The Fifth Circuit finds District Court Improperly Applies Various Presumptions and Failed to Allocate Damages in Accordance with Parties Relative Fault in Breakaway Barge Allision Case

In Combo Maritime v. U.S. United Bulk Terminal, LLC., et al., No. 09-30592 (5th Cir., August 23, 2010), the Court of Appeals for the Fifth Circuit reversed and remanded the District Court's decision involving a barge breakaway and allision on the Mississippi River. The salient facts of the case are as follows: A barge broke free from its moorings in a fleeting facility owned by United and collided with the M/V ALKMAN, which lay at anchor nearby. The owner of the M/V ALKMAN, Combo, brought suit against United, which in turn filed a Third-Party Complaint against Carnival, alleging that the barge breakaway was caused by the negligent navigation of Carnival's cruise ship when it navigated too close to the fleeting facility at full speed.

The District Court dismissed United's claims against Carnival based on the Supreme Court's decision in THE LOUISIANA, 3 Wall. (70 U.S.) 164, 173, 18 L.Ed 85 (1866) which created "the rebuttable presumption that in collisions or allisions involving a drifting vessel, the drifting vessel is at fault." Notwithstanding, the Fifth Circuit Court of Appeals reversed and remanded the matter; finding that the "District Court applied the rule in THE LOUISIANA improperly when it (1) applied the presumption between co-defendants; (2) applied the wrong standard of proof for rebutting the presumption; and (3) interpreted the presumption as a presumption of sole liability."

The Court of Appeals explained that there are three (3) ways in which United could have rebutted the presumption established by THE LOUISIANA and defeated liability:

  1. By demonstrating that the allision was the fault of the stationary object; or
  2. By demonstrating that the moving vessel acted with reasonable care; or
  3. By showing that the allision was a result of an Act of God.

The "first route is essentially the contributory negligence route;" the "second route requires the defendant to negate negligence;" and the "third route places the most difficult burden on the defendant." The Appellate Court went on to say that "the district court not only incorrectly applied the drifting vessel presumption between co-defendants, but also applied the Act of God test instead of the reasonableness test for negating negligence."

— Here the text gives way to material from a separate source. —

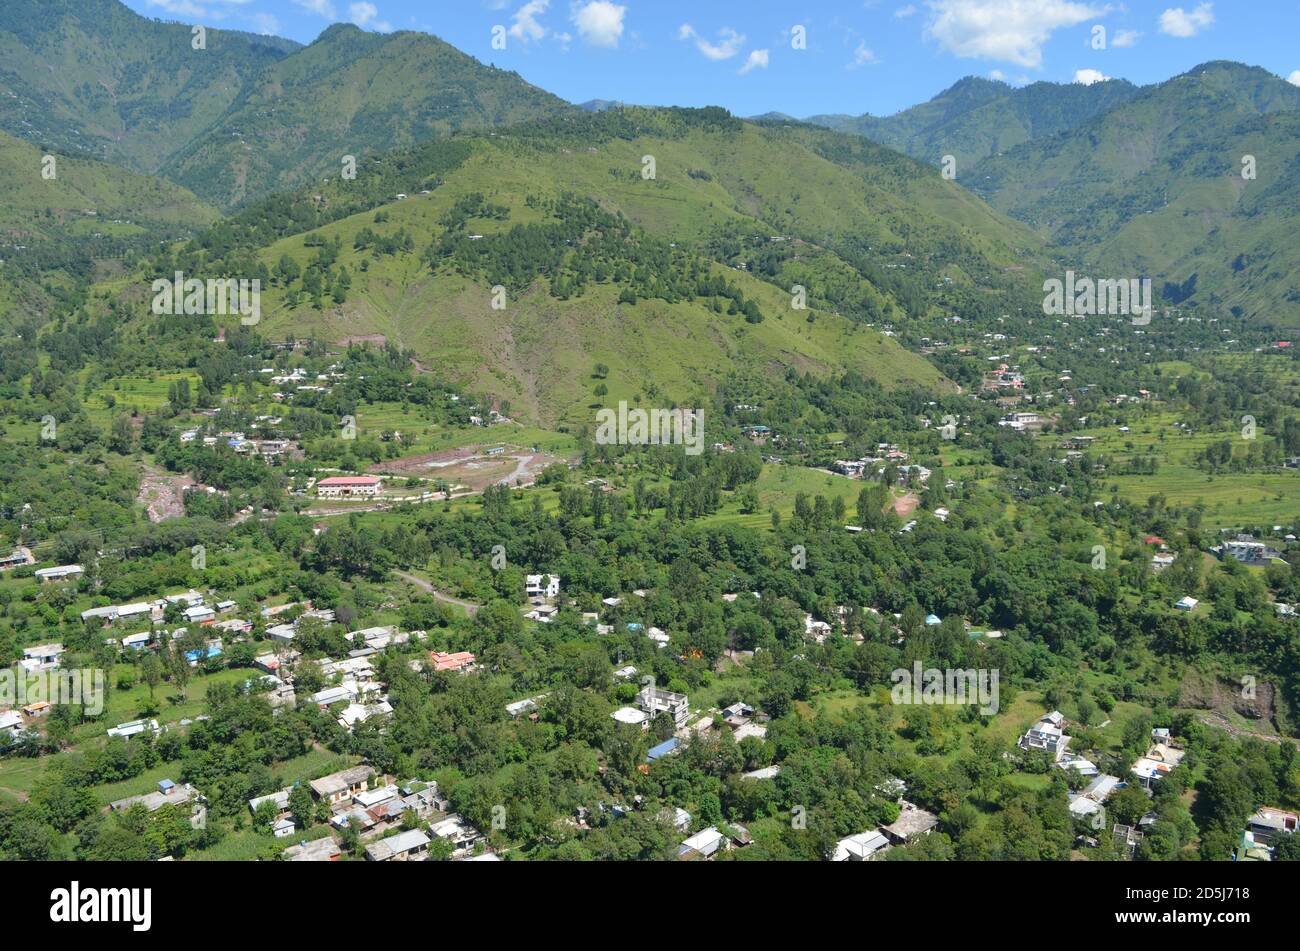 Aerial view of small buildings located on hills of Muzaffarabad, Pakistan Stock Photo

Furthermore, the District Court determined that the drifting vessel presumption that United had to overcome, trumped the passing vessel presumption that Carnival had to overcome. The Appellate Court found this determination to be erroneous. If the District Court had applied the reasonableness standard and determined that the United barge was not properly moored, "then the presumption would not have operated against Carnival." Instead, the "District Court found that United was unable to rebut the presumption of negligence against it based on an improper Act of God standard." Therefore, there are insufficient findings in the record to determine whether the passing vessel presumption should have been applied against Carnival.

Lastly, pursuant to case law, the drifting vessel presumption is not a presumption of "sole fault on the part of the drifting vessel." Therefore, the Appellate Court found that United is entitled to present evidence of comparative fault at trial and reversed and remanded the case to the District Court for further proceedings.